Student BMJ
Student BMJ (SBMJ; Student BMJ) is an international website for medical students and junior doctors from the BMJ Group.
On 21st April the new website was born, sharing her birthday with Iggy Pop and Queen Elizabeth II. The content is free of charge after registration.
- Content updated at least weekly
- Education: important clinical topics, practical advice, expert tips
- Debates, ethics, art, history, politics, and student experiences
- Careers advice
- Views and reviews
- Access to the rest of the BMJ Group’s content
- International medical events on our events board
- Web 2.0 functionality
The Student BMJ was launched as a print journal in 1992 with the aim of publishing articles for the medical students, and is compiled by a full time student editor, who takes a year out from medical school. International expert authors and students work together to explain how to read research papers, provide practical careers advice, and put theory into practice both in print and online to give medical students everything they need to keep abreast of the latest information.

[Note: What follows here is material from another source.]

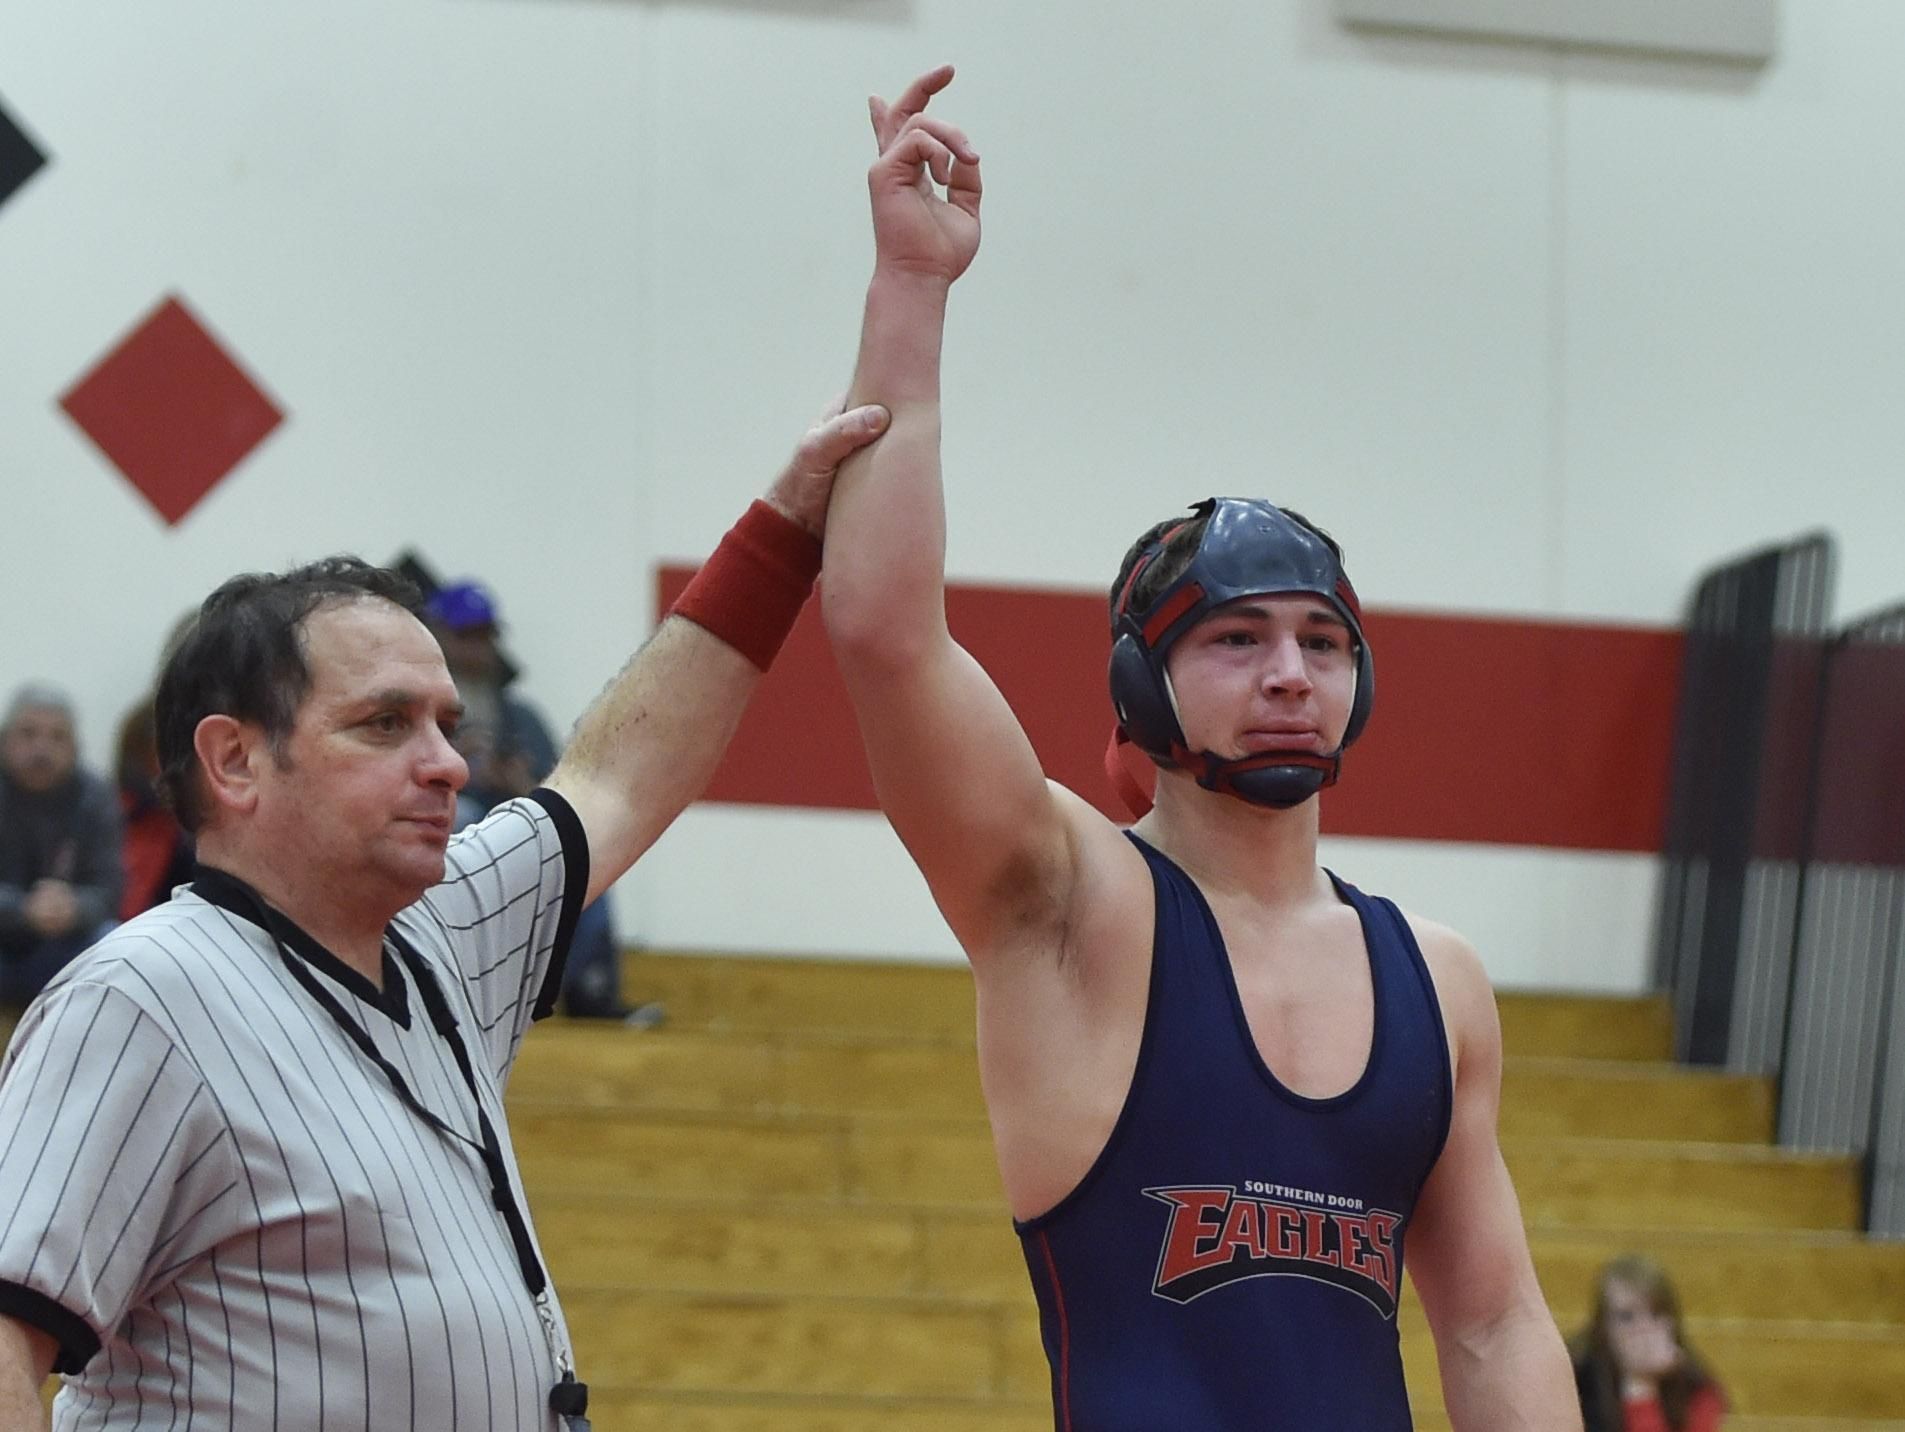 Southern Door’s Michael Bertrand won seven tournament titles, placed third at state and finished his senior season with a record of 45-4 en route to being named Packerland Conference Wrestler of the Year.

The current student editor is Prizzi Zarsadias (email: studenteditor@bmj.com) who works together with the current senior editor Giselle Jones, also the editorials editor of the main BMJ, and the managing editor Richard Hurley. The print issue is designed by Adam Di Chiara and the picture editor is Vanessa Fletcher. Leslie Herbst looks after the Marketing and Nick Gray after the Advertising Sales.
Articles
Most of the articles are written by medical students and are submitted rather than commissioned. The Student BMJ publishes News; Editorials; Life (a range of articles including debates, ethics, art, history, politics and student experiences); Careers; Education; Picture quizzes; Research explained (a student friendly look at a BMJ research paper); Views and reviews; and Eyespy (short, quirky medical stories).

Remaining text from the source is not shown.